The right to rely on that principle requires that three conditions are satisfied. First, precise, unconditional and consistent assurances originating from authorized and reliable sources must have been given by the state’s authorities to the person concerned. Second, those assurances must be able to give rise to an expectation which is legitimate for the person to whom they are addressed. Third, the assurances given must be consistent with the applicable rules[xx]. However, it is highlighted that, despite its status as a fundamental principle, economic operators are not justified in having a legitimate expectation that an existing situation which is capable of being altered by the EU institutions in the exercise of their discretion will be maintained, particularly in fields whose subject matter involves constant adjustment to reflect changes in the economic situation. The Court has held that, even if the European Union were first to have created a situation capable of giving rise to legitimate expectations, an overriding public interest may preclude transitional measures from being adopted in respect of situations which arose before the new rules came into force but which are still subject to change[xxi].

Nevertheless, in particular situations, where the principles of legal certainty and of the protection of legitimate expectations so require, it may be necessary to introduce transitional arrangements appropriate to the circumstances.
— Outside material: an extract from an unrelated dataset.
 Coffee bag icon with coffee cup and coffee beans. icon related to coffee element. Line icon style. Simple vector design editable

Thus, the Court has held that a national legislature may breach the principles of legal certainty and of the protection of legitimate expectations when it suddenly and unexpectedly adopts a new law which withdraws a right that a category of taxable persons enjoyed until then, without allowing them the time necessary to adjust, when the objective to be attained did not so require[xxii].
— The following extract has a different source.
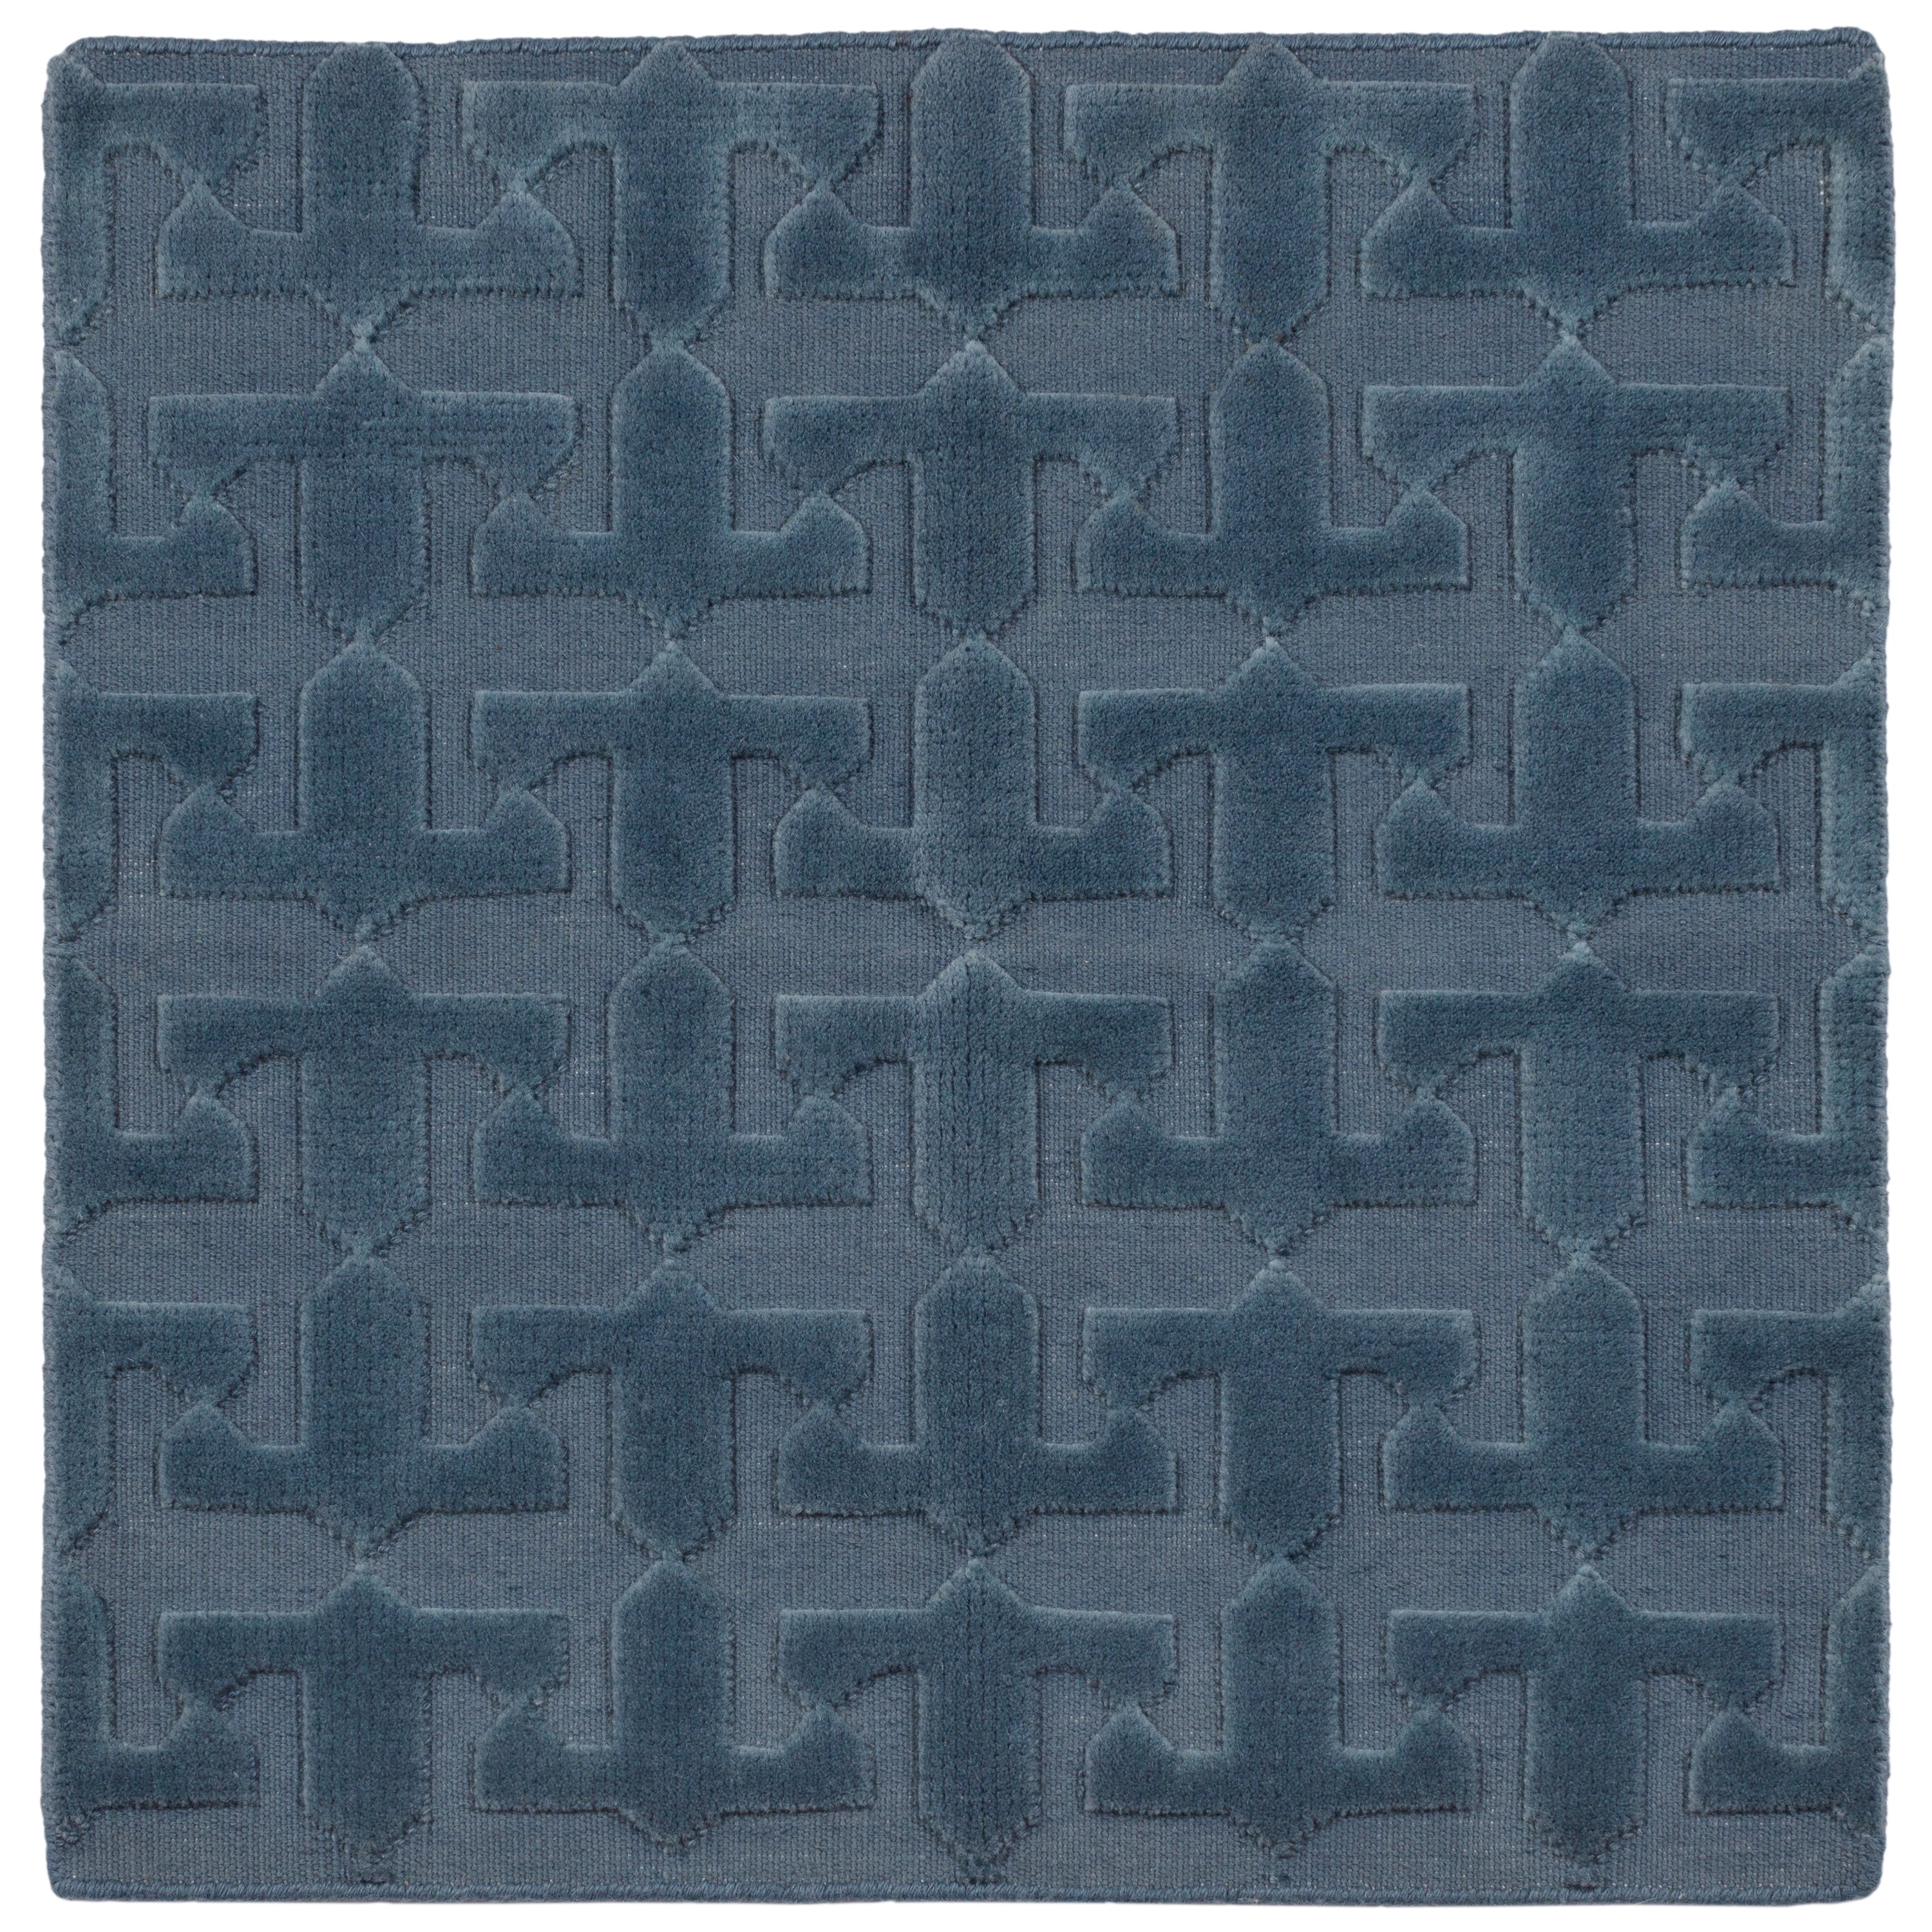 Detail of the Rug in Stormy Sky, a textural monochromatic abstract geometric pattern in blue.

The adverb “may” that accompanies the phrasal verb “take into account” in the context of the European Commission’s Public Consultation Paper, which is similar to the CETA wording, followed by a one-sided or superficial elaboration of a fundamental principle of EU law and international investment law may generate ambiguous outcomes. As soon as investors’ expectations are examined and considered to be justified, it is not clear why then they must not be balanced with the conflicting public interest at stake (or with the legitimate expectations of the state[xxiii]), applying the proportionality test. Bearing in mind the need for any type of dispute resolution mechanism created to not only do justice, but to be seen to be doing justice, a thorough research of the area is required and any attempt by policy makers (and later by adjudicators) to formulate sensitive concepts without following the precedent developed in the respective fields of law should state expressis verbis the reasons why that precedent should not be followed.


* Artemis Malliaropoulou, Visiting lawyer at the ICC (International Criminal Court) and visiting scholar at the University of Vienna.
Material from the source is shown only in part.